(TRY IT): When writing out the entries below, keep only the lines from the line with "Spin Giveaway Today🎈" to the line with "#coinmasterfreespin #coinmasterofficial #coinmasterGame", both included, exactly as they are, and leave the pictures aside.

══ TASK INPUT

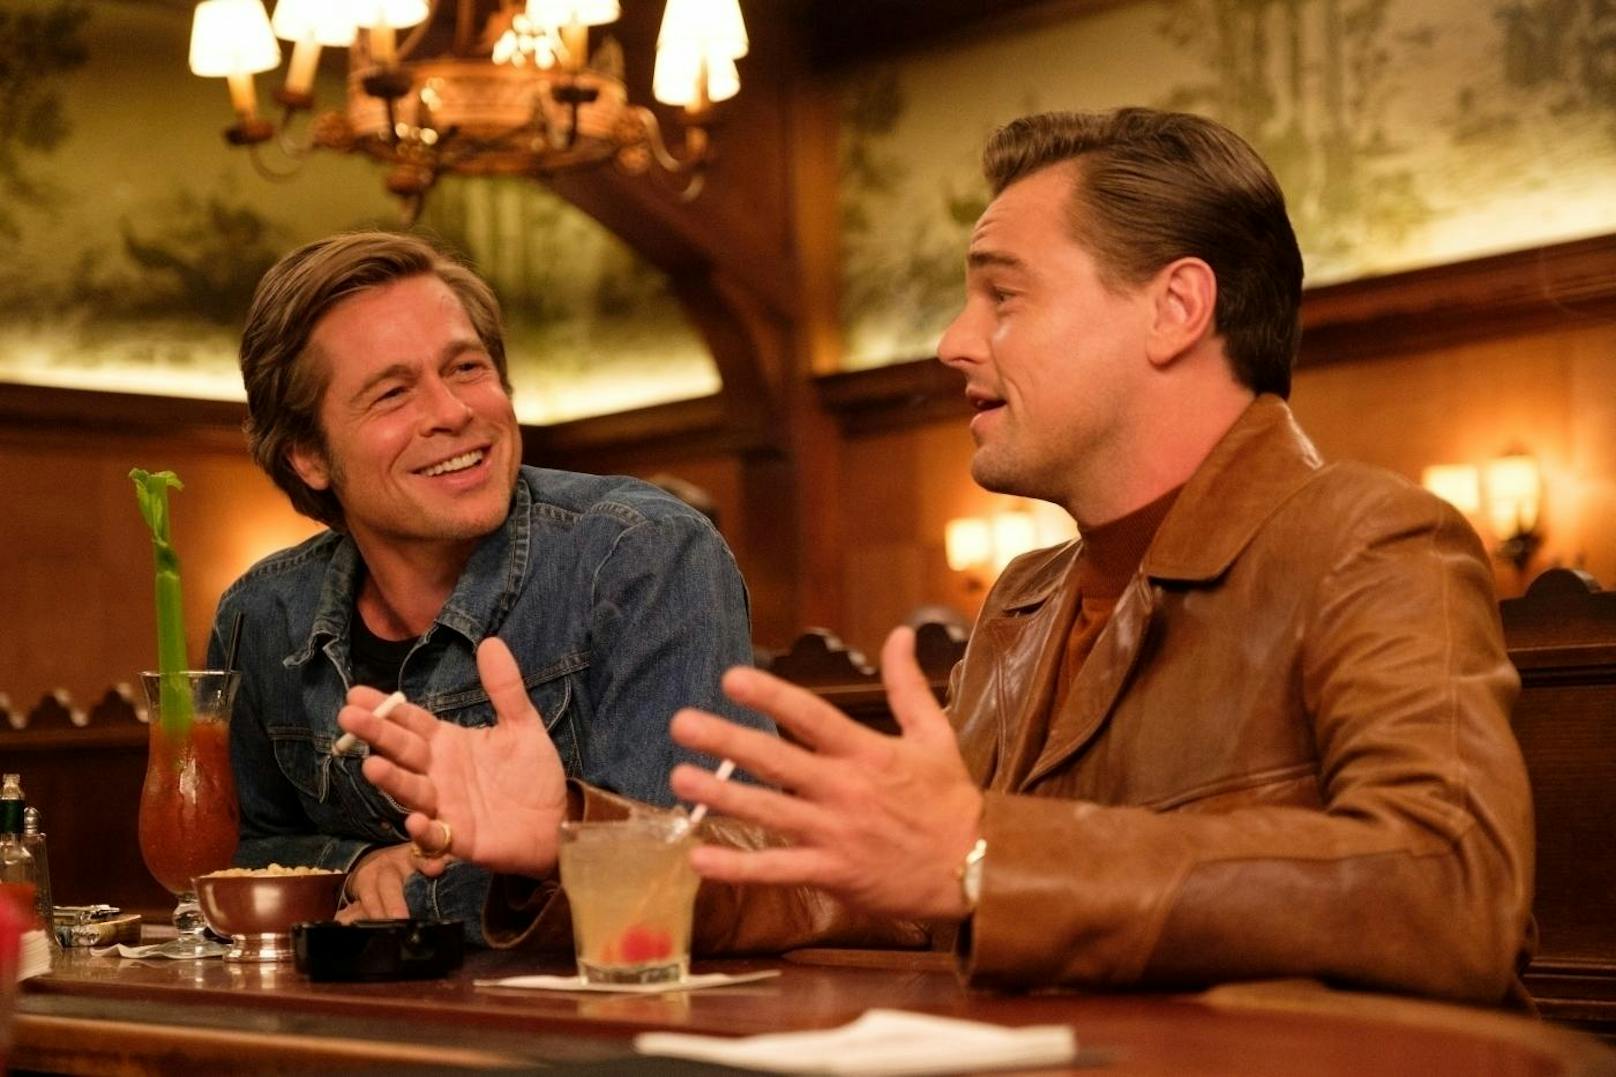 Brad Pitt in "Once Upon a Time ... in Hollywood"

════
══ TASK INPUT

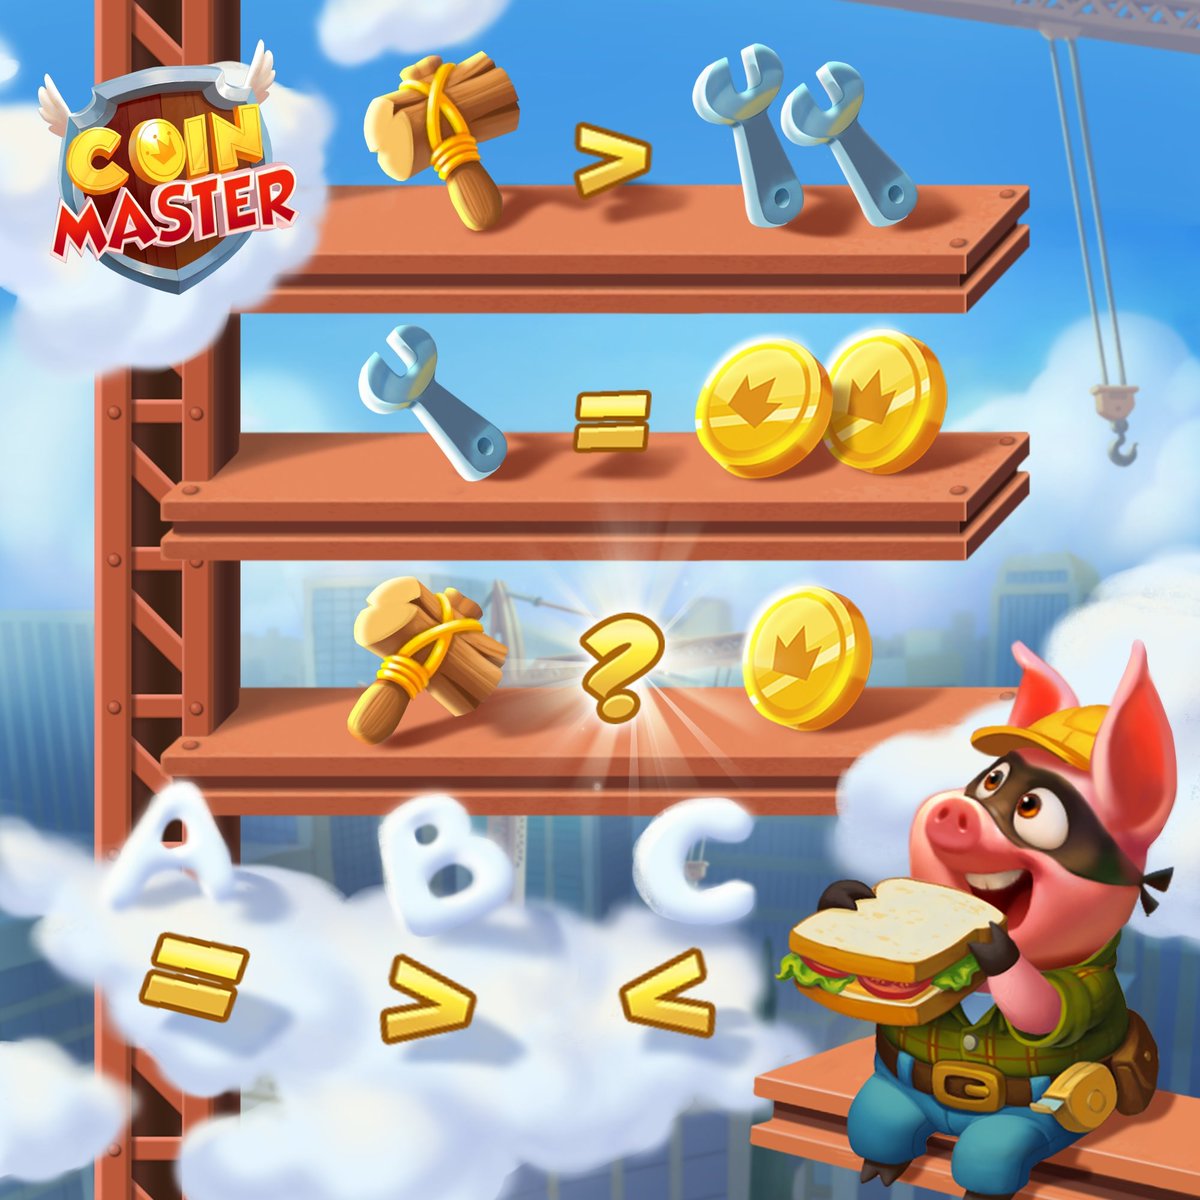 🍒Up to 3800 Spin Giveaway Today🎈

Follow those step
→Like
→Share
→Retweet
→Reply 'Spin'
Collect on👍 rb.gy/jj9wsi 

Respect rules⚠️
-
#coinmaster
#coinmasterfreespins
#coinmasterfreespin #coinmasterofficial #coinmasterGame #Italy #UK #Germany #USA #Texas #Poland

════
══ TASK INPUT

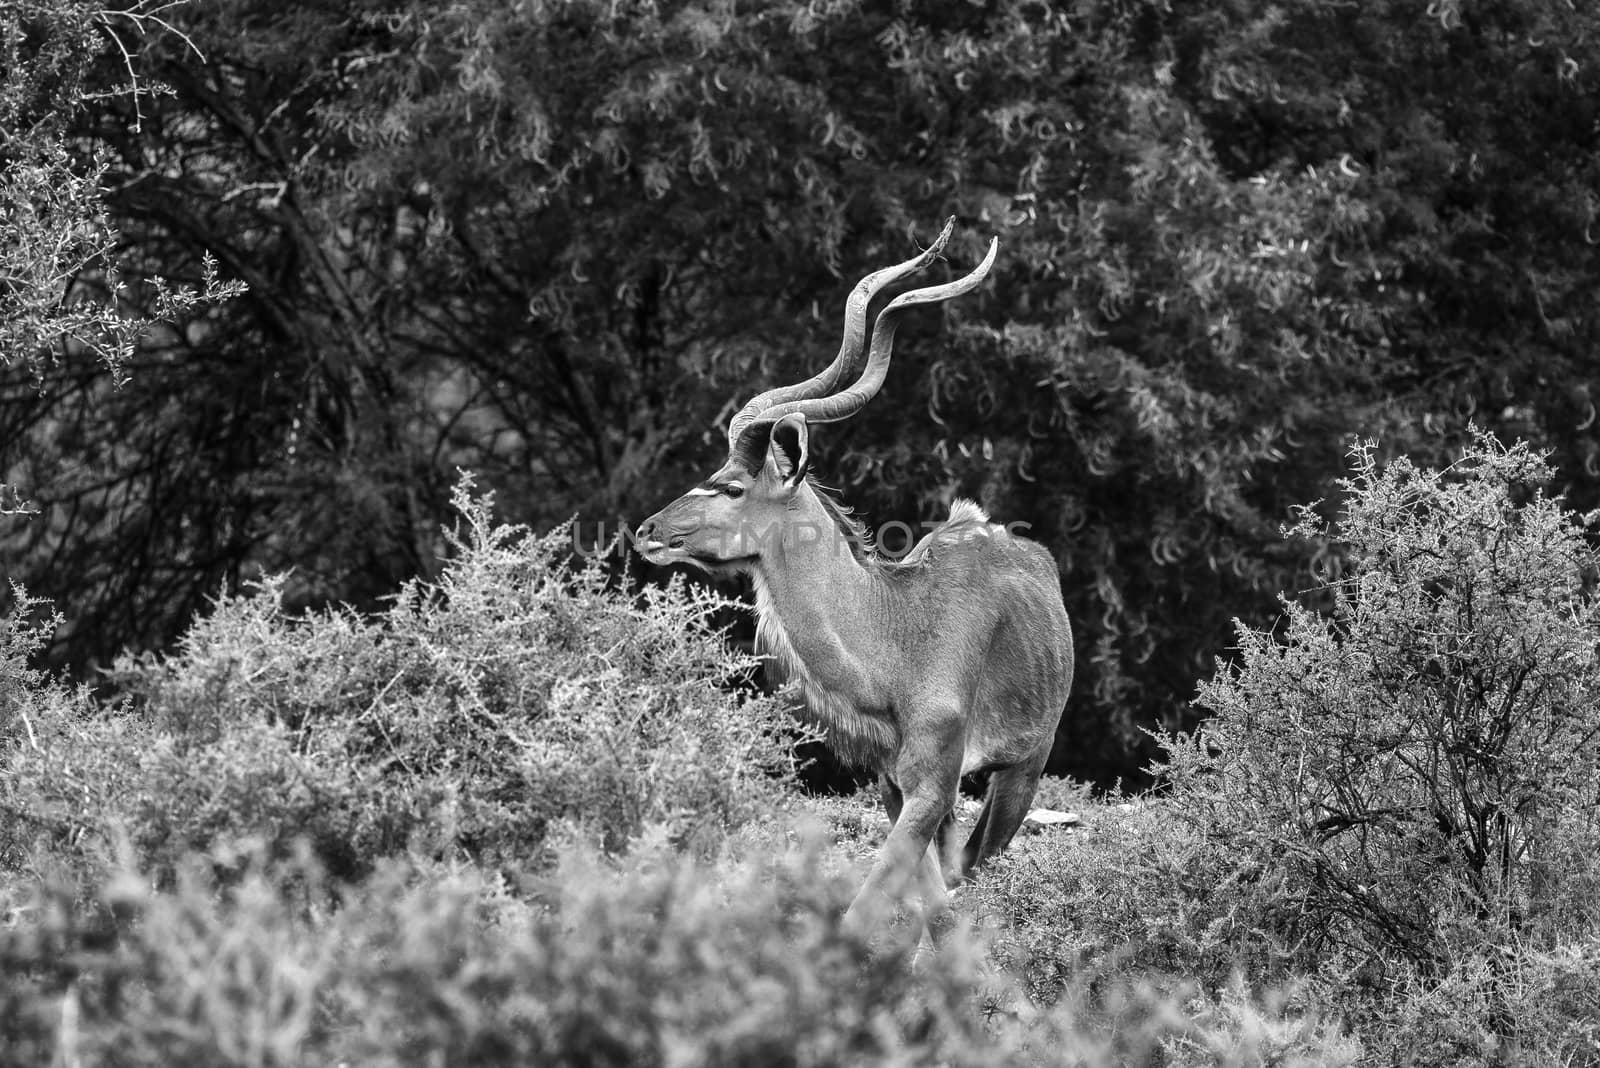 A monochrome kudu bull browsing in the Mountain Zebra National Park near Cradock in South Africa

════

(EXERCISE ANSWER):
 🍒Up to 3800 Spin Giveaway Today🎈

Follow those step
→Like
→Share
→Retweet
→Reply 'Spin'
Collect on👍 rb.gy/jj9wsi 

Respect rules⚠️
-
#coinmaster
#coinmasterfreespins
#coinmasterfreespin #coinmasterofficial #coinmasterGame #Italy #UK #Germany #USA #Texas #Poland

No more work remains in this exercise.